This sample provides code for fused multi-head attention forward, context, or generation phase. It supports HeadDims of 32, 64, and 128, and fp8, fp16, and bf16 input data types.
For forward or context usage, use an M-blocking (Seqlen-Q) of 256 and an N-blocking (Seqlen-K) of 128. For generation usage, use an M-blocking (Num-Groups) of 128 (although the limit is currently 32 for actual Num-Groups), and a N-blocking (Seqlen-K) of 64, 128 or 256.
Context loads are done via TMA, whereas generation usage utilized cp.async
and is thus more amenable to complex load patterns.
For variable sequence lenght, the code requires a batch of valid (but never used) padding memory ahead of the first input batch. This is achieved with least overhead by leaving one batch free and then arranging QKV consecutively.
The approach of this implementation is to reuse the selection logic of the collective gemm builder and recombine the result into an FMHA kernel. The kernel and collective layer are then formulated to be fmha-specific. The design assigns two tiles to each threadblock, and pingpongs between them in terms of matrix-matrix multiplication and softmax.
The example builds four binaries, showcasing the context and generation usage for fp8 and fp16.

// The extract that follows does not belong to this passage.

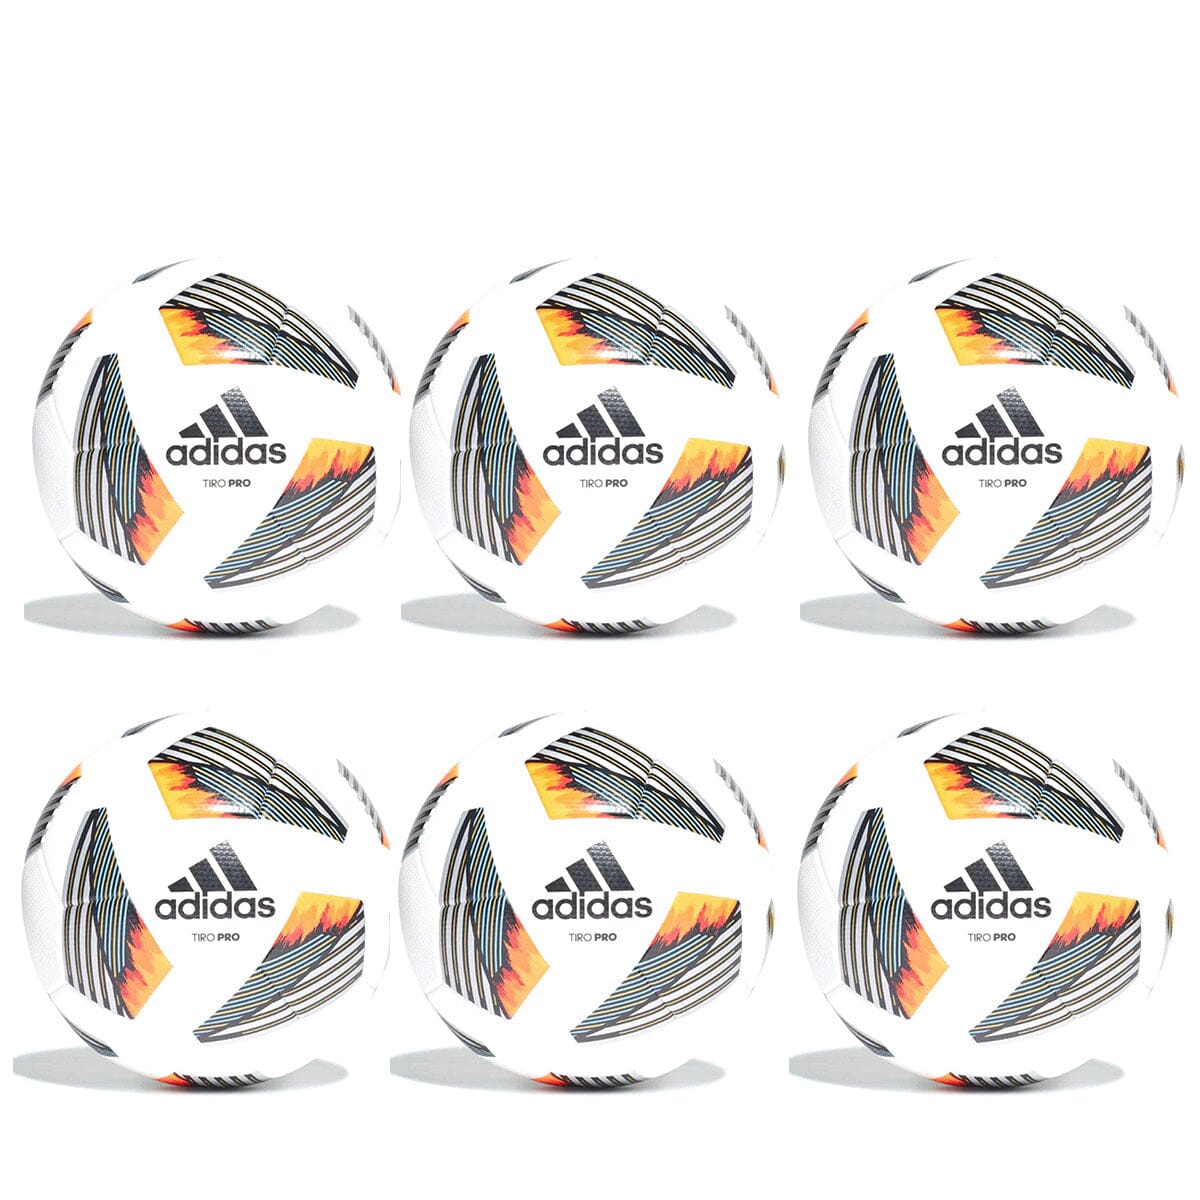 adidas Tiro Pro Ball | FS0373 - 6 Packs Soccer Ball Adidas 5 White / Black / Team Light Blue / Metallic Silver 
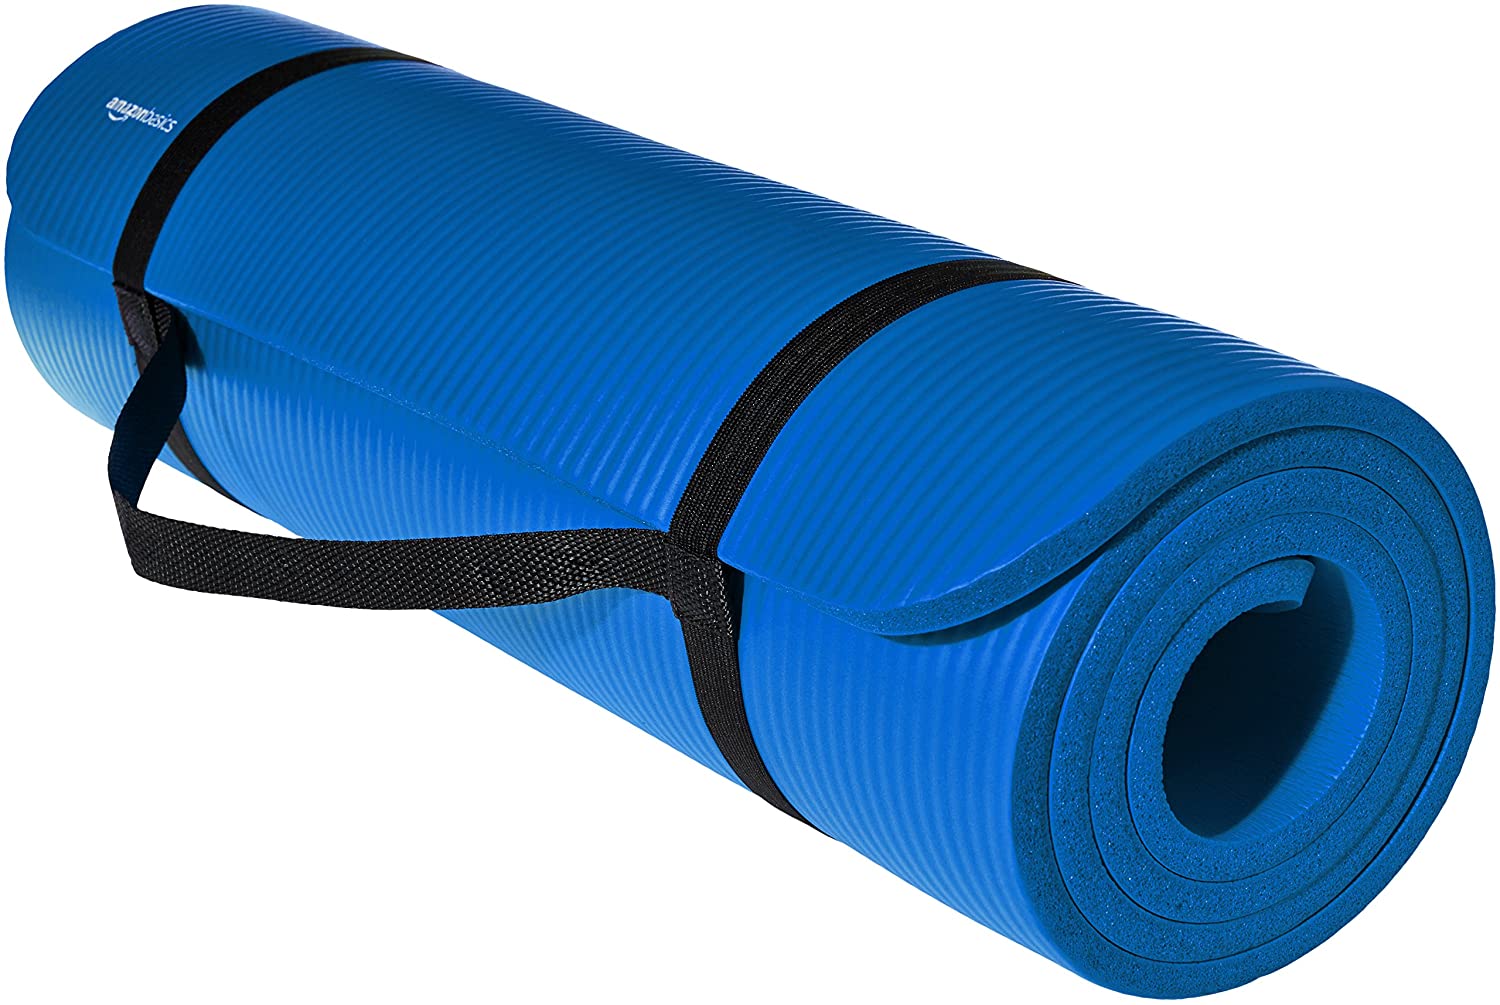 AmazonBasics 13mm Extra Thick Yoga and Exercise Mat

For detailed information on how to invoke them, check out either the tests in CMakeLists.txt
or the --help
for them.
To modify the code for fusions, collective/fmha_fusion.hpp
provides the easiest customization point.
The apply_mask
function is called with the accumulator of the first GEMM and the logical positions of those elements.
It is well-suited for applying masks or activations.
More complex fusions that require memory loads would require modifying the mainloop collective to orchestrate the load via TMA.